Mit Beginn des neuen Jahrtausends erreichte die Marke schließlich eine neue Dimension, indem sie sogar einen eigenen Athleten-Kader aufbaute, zu denen noch heute bekannte Größen wie die Kletterer Roger Schäli, David Hefti oder Simon Gietl gehören. Eine neue Ära in der Firmengeschichte läutete jedoch die Eröffnung des neuen Headquarters in Bozen ein, die schließlich im Mai 2014 in einem komplett überarbeiteten Markenauftritt gipfelte. Ebenso wie das futuristische Gebäude soll nun auch der für 2015 geplante weltweite Relaunch des gesamten Produktportfolios dazu dienen, die essenziellen Markenwerte des mittlerweile in Südtirol ansässigen Unternehmens unter dem Motto „Get Vertical“ nach außen zu tragen. Eine ambitionierte Frischzellenkur, in deren Rahmen sogar das traditionsreiche Logo überarbeitet und auf Basis des bisherigen Adlers ein futuristisch anmutendes Symbol geschaffen wurde. Ob auch den Produkten der Sprung in ein neues Zeitalter gelingt, bleibt abzuwarten. Denn das zukunftsweisende Design erntete bei der eigenen Zielgruppe nicht nur positives Feedback – aber was will man auch anderes erwarten, wenn sich eine Marke (fast) komplett neu erfindet.

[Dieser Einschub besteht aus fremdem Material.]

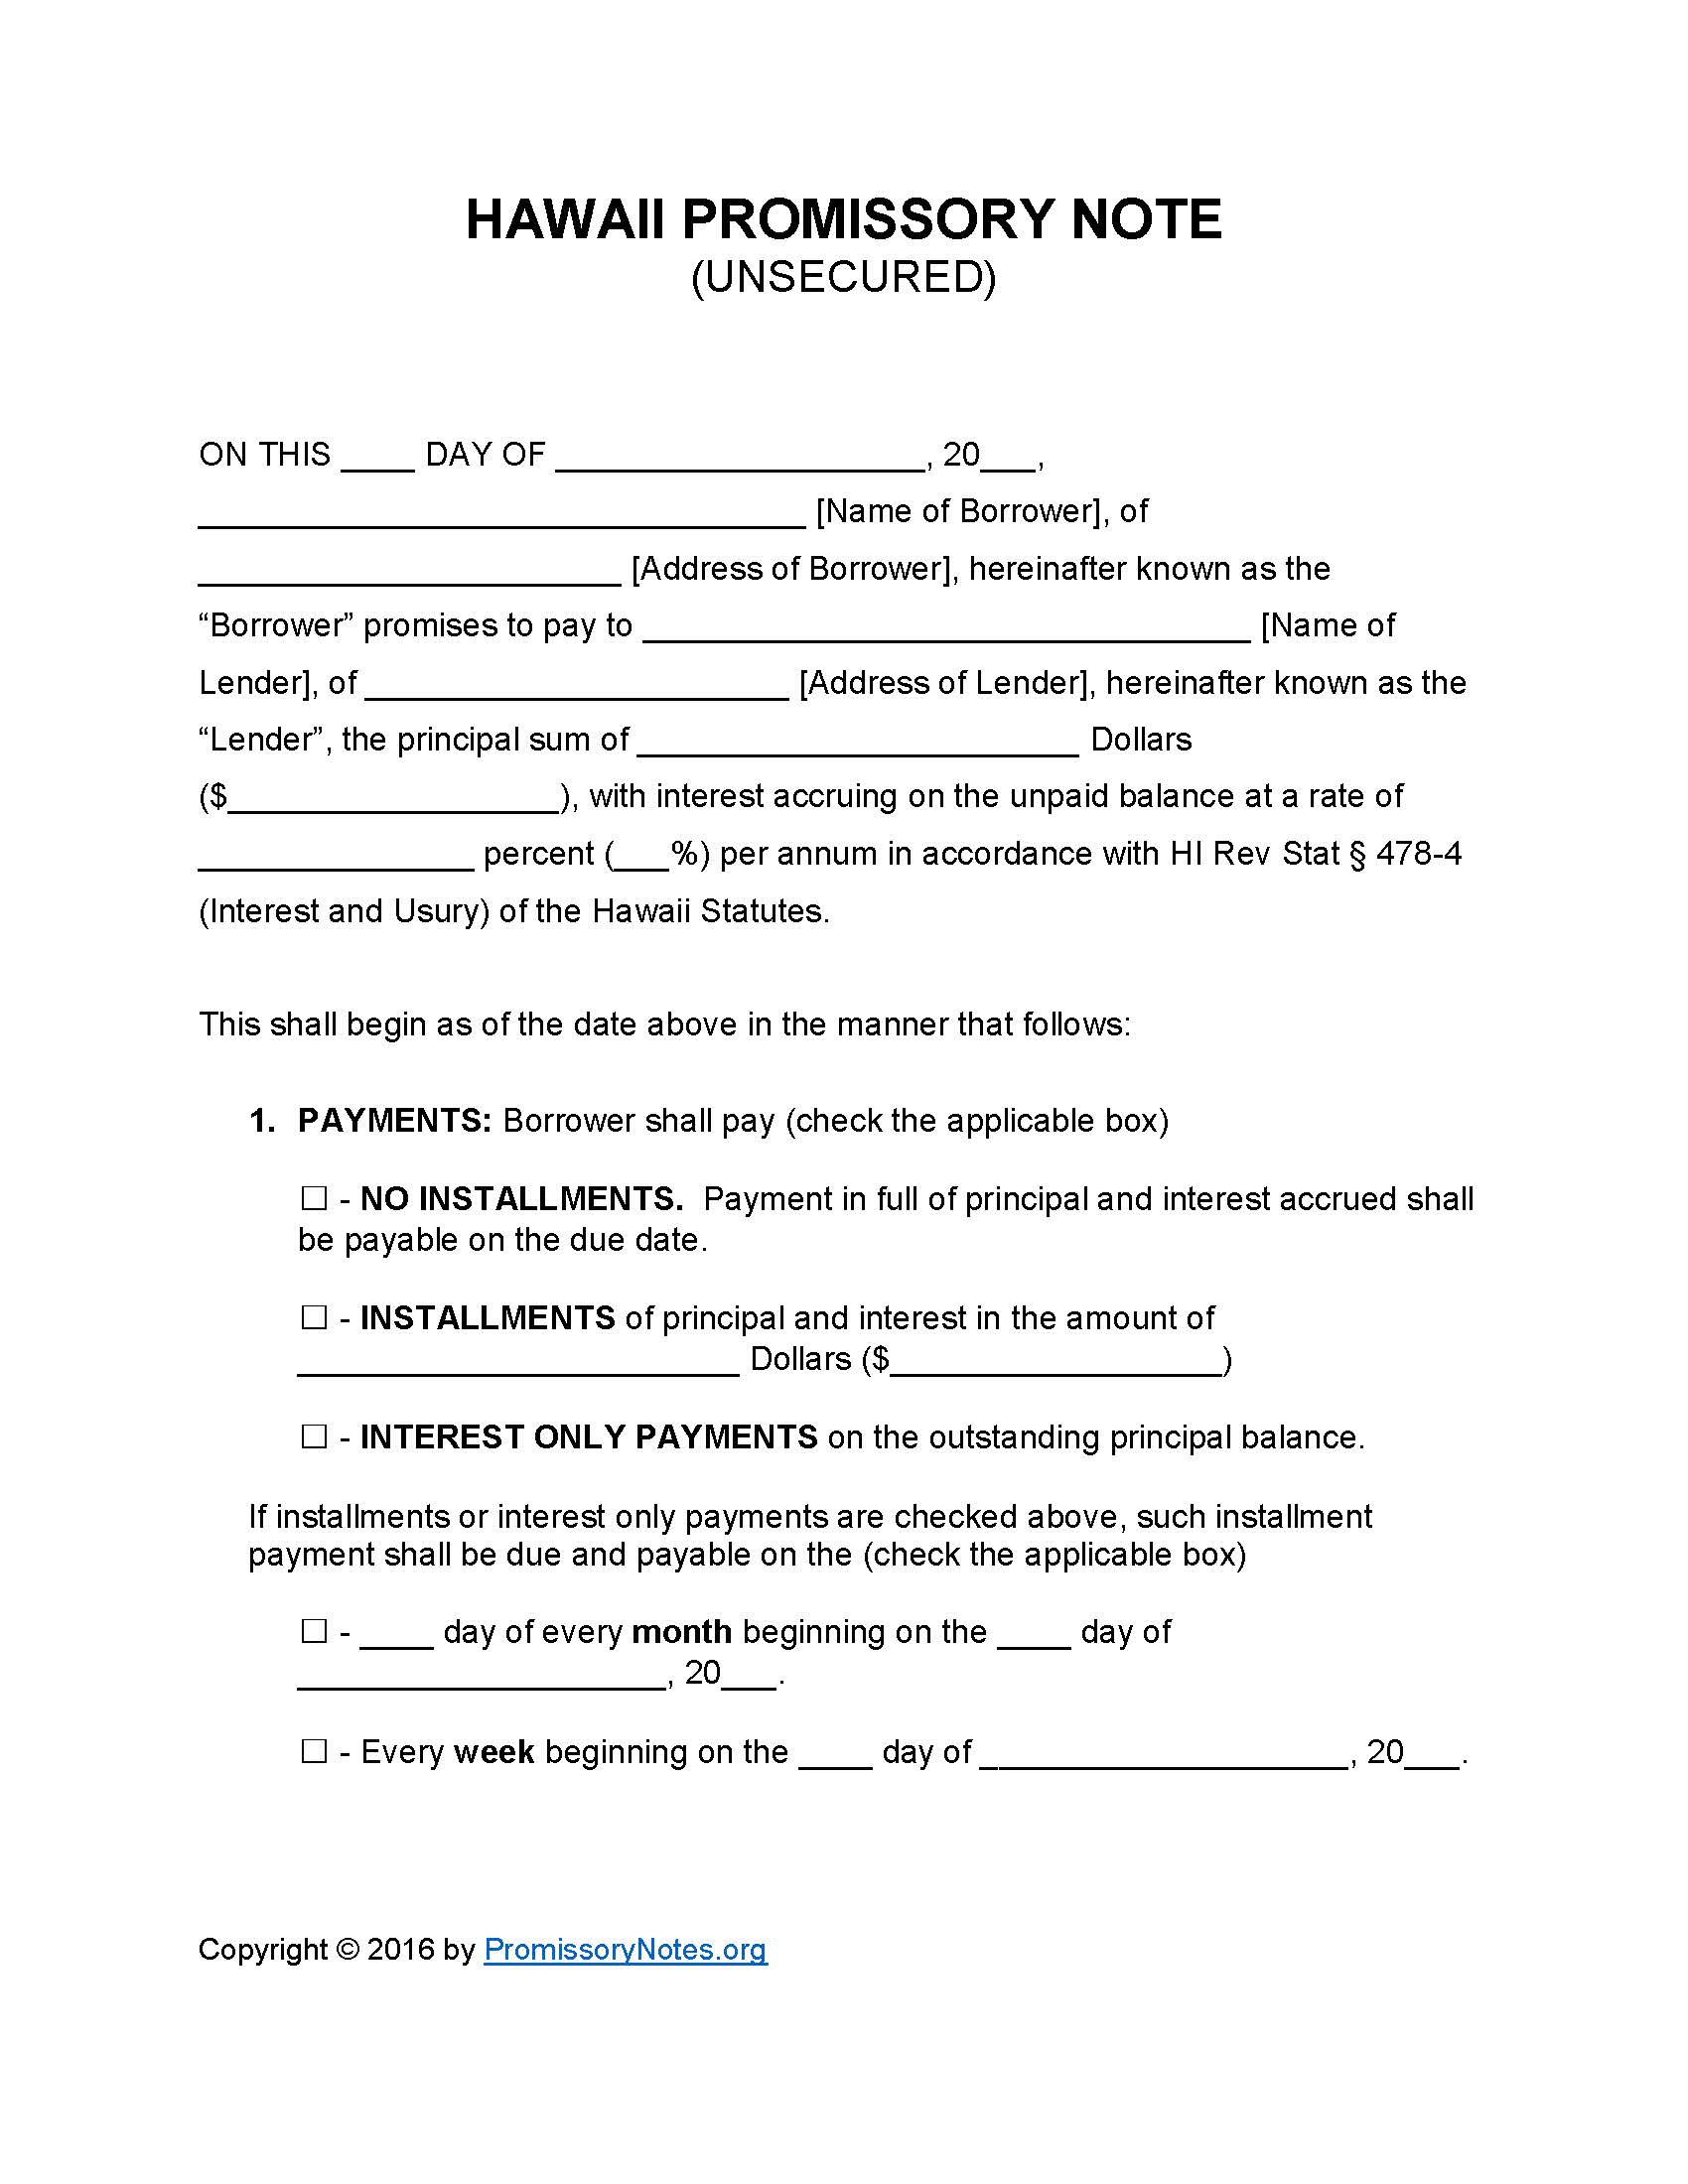 hawaii-unsecured-promissory-note-form

Hermann Huber – mit (fast) 85 Jahren noch kein bisschen müde

Hermann Huber jedenfalls hat längst seinen Frieden mit der Entwicklung von SALEWA gefunden und zeigt sich sogar mehr als begeistert über den modernen Look der traditionsreichen Bergsportmarke. Manches würde er vielleicht anders machen, aber im großen Ganzen zeigt er sich zufrieden mit dem Ergebnis. Auch wenn er sich inzwischen vollständig aus dem Tagesgeschäft zurückgezogen hat, kann er es einfach nicht lassen, neue Technologien auf Herz und Nieren zu prüfen. Sofern es die Knochen noch zulassen, legt er sogar selbst noch Hand an und kraxelt im Buchenhainer Klettergarten ein paar einfache Routen. Wie auch immer die Zukunft von SALEWA aussehen mag, zumindest in einem Punkt ist sich dessen Gründervater absolut sicher: „Eine Marke kann nur dann überleben, wenn sie sich immer wieder neu erfindet“. Auch wenn bei diesen Worten ein wenig Wehmut mitschwingt, so zeigt sich Hermann Huber doch überzeugt davon, dass die Traditionsmarke auch in den nächsten 80 Jahren mehr als nur eine feste Größe im Bergsport bleiben wird.